Friday, April 20, 2007

The Nation Magazine Publishes Special Issue on Surviving The Climate Crisis

New York, NY – Today The Nation Magazine released its first-ever special issue devoted to the environment and the emerging climate crisis. As Mark Hertsgaard, The Nation’s environmental correspondent, reports in his contribution: “We must accept, unfortunately, that the battle to prevent global warming is over; now, the race to survive it has begun. This race will continue for the rest of our lives, testing human ingenuity, institutions, and values as never before. Losses are inevitable, but the situation is not hopeless.” This special issue of the magazine offers a frank look at the extent of the climate crisis while also seeking to restore hope to the discussion, setting out a broad program for a green future.

Executive Editor Betsy Reed, who supervised the issue, said, “The scientific debate over climate change has been settled. Now we need to focus on how we must respond – both to mitigate its effects and adapt to the changes that are already inevitable.” The special issue subjects faddish solutions such as ‘clean coal’ and carbon offsets to serious scrutiny, and introduces radical new proposals: George Monbiot calls for end air travel as we know it, and James Hansen, Director of NASA’s Goddard Institute for Space Studies, outlines a 5-point-plan for transforming our energy infrastructure.

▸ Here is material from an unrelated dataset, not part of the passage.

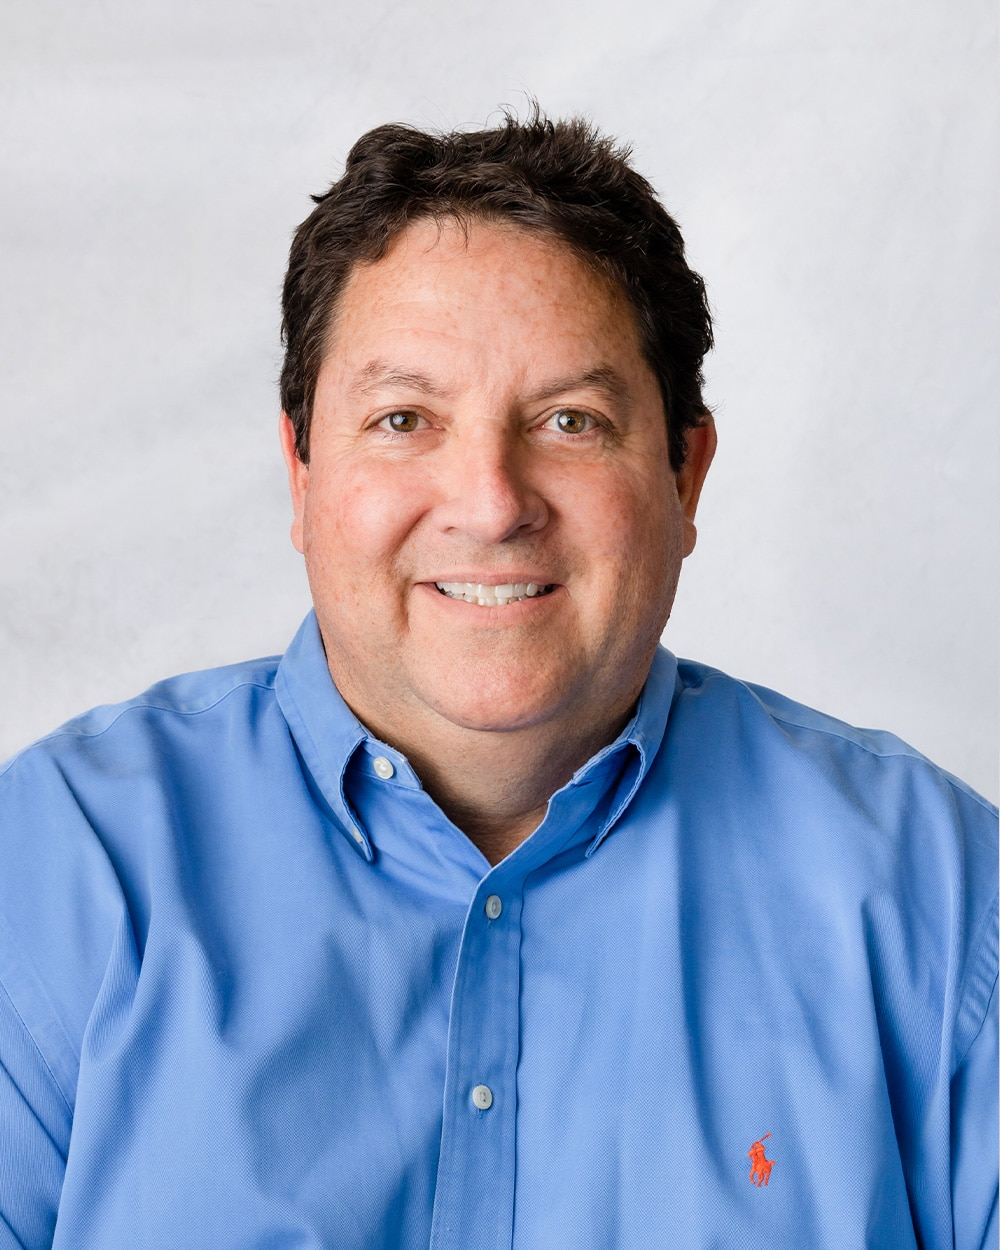 daniel roberts md facep - Fort Worth EM Residency Program

The Nation’s vision doesn’t simply stop at the nation’s borders; the climate crisis is a global one, and so the special issue puts it in global perspective. Elizabeth Economy, Director of Asia Studies at the Council on Foreign Relations, considers the “nightmarishly bad” implications of China’s development strategy while chronicling the country’s search for a green path to growth. From Bangladesh to the Gulf Coast, Mark Hertsgaard reports on the calls for climate reparations to address the disproportionate impact of global warming on the poor. And Matthew Gilbert, a member of the Gwich’in tribe of northeastern Alaska, offers a rare perspective on the devastating effects of climate change on his people’s way of life.

Ultimately, the climate crisis demands we change how we think about our relationship with the planet. Lawrence Weschler, director of NYU’s Institute for the Humanities, surveys the artistic response to the crisis, and the role art can play in transforming our vision of the world. The Nation’s special issue represents a renewed commitment to that transformation.